Arizona hog-tied by federal mandates

by Nick Dranias
Goldwater Institute
 
Until recently, state and local government interaction with the federal government seemed to consist mostly of local and state officials asking D.C. for more money. As a result, many states, counties and cities have ended up on their backs, hog-tied by federal mandates.
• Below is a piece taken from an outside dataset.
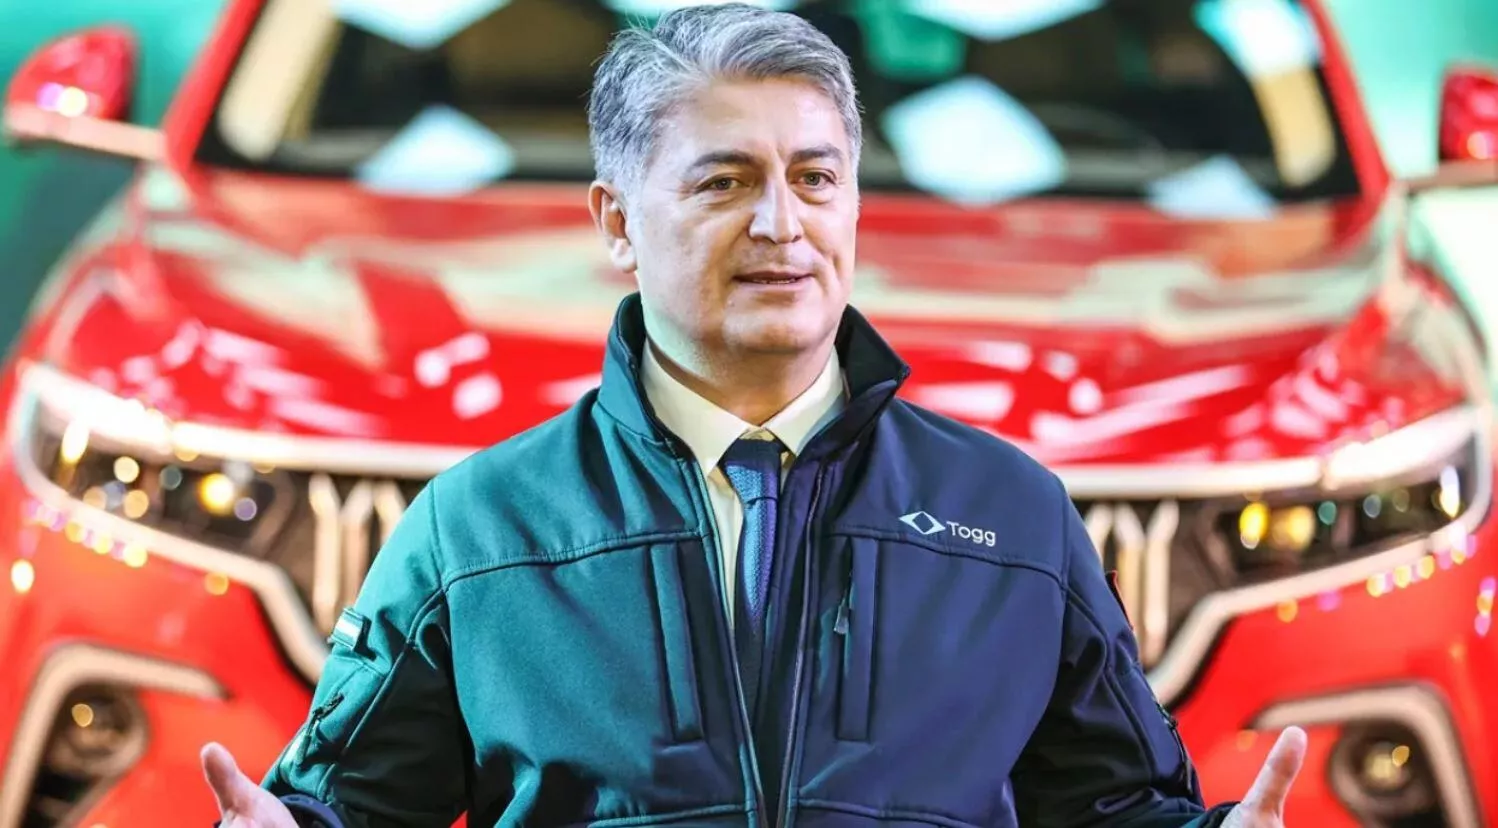 Togg CEO'su M. Gürcan Karakaş

What James Madison called our “compound republic” cannot stand unless state and local governments recognize their obligation to join with the people in resisting federal overreach.
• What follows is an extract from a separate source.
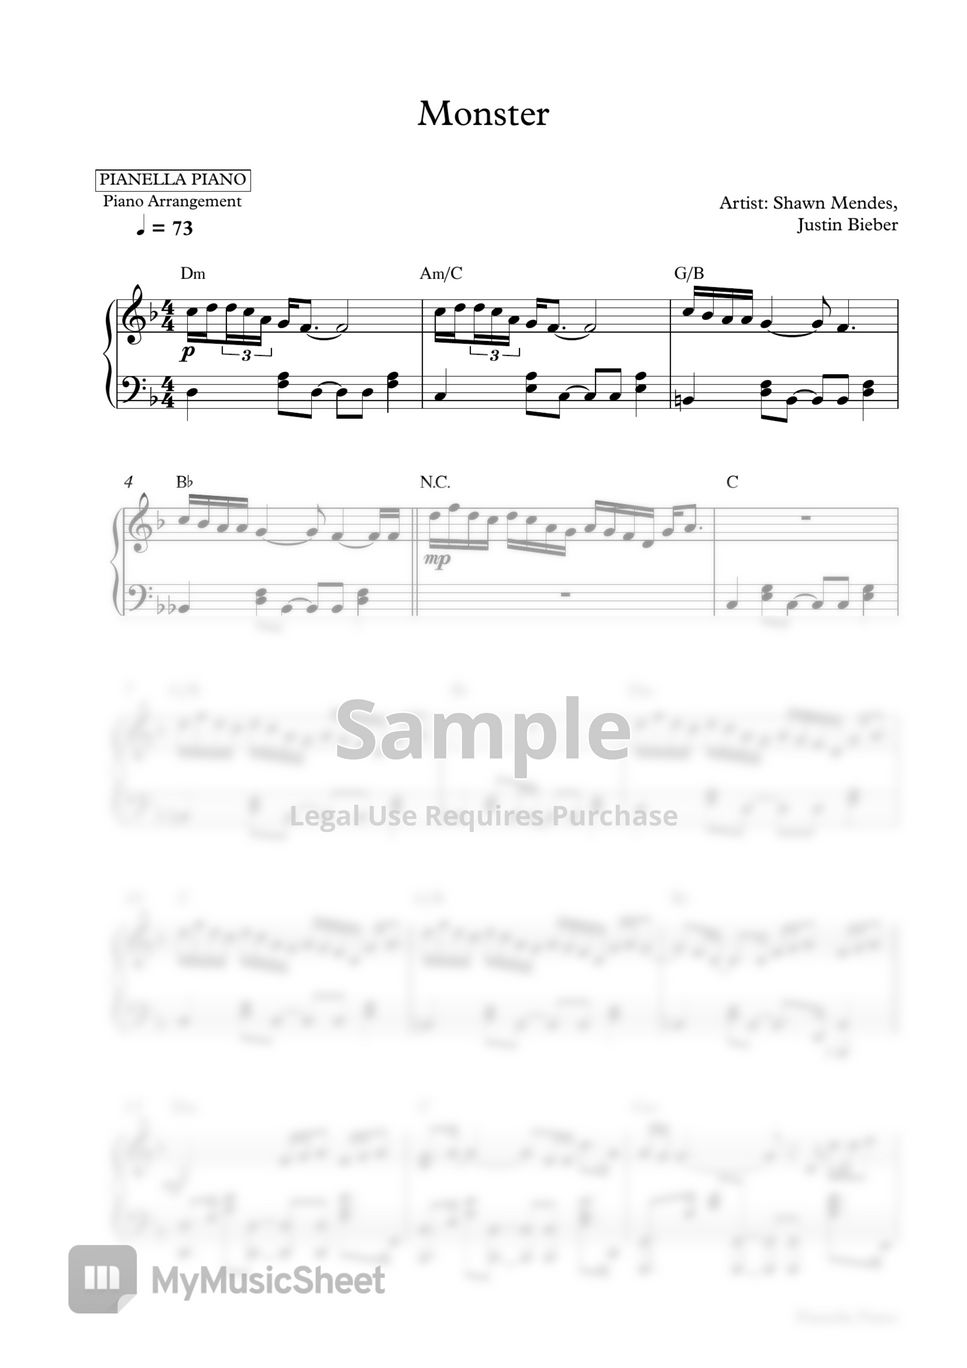 Shawn Mendes, Justin Bieber - Monster (Piano Sheet) by Pianella Piano

Fortunately, several bills before the Arizona Legislature would let local officials stand shoulder-to-shoulder with Arizonans in fending off expanded federal regulations. For example, SCR1050, the “Freedom to Breathe Amendment,” seeks to amend the state constitution to resist federal regulation of harmless carbon dioxide emissions. Senate Bill 1098 and House Bill 2307 would authorize in-state firearms manufacturing and sales under state regulations that are far less burdensome than federal rules. HB 2337 challenges the federal government’s effort to ban the in-state manufacturing of incandescent light bulbs. And SB 1398 would mandate that counties, cities and towns use their existing rights under federal law to require federal agencies to reduce the burden of any new regulation.

During the November general election, Arizona voters will consider two other measures already referred to the ballot by the Legislature: the Health Care Freedom Act and Save Our Secret Ballot, which respectively can protect the right of Arizonans to make their own health care decisions and guarantee Arizonans the right to a secret ballot vote during union-organizing elections.

Arizona is brimming with ideas that could make it routine and mandatory for state and local public officials to challenge unconstitutional federal government encroachment at every turn.

Far from an exercise in futility, such legislation reflects the public’s desire to preserve the U.S. Constitution’s separation of powers between the state and federal governments. Consistent resistance to unconstitutional federal action cannot help but chasten federal officials who might otherwise regulate without restraint.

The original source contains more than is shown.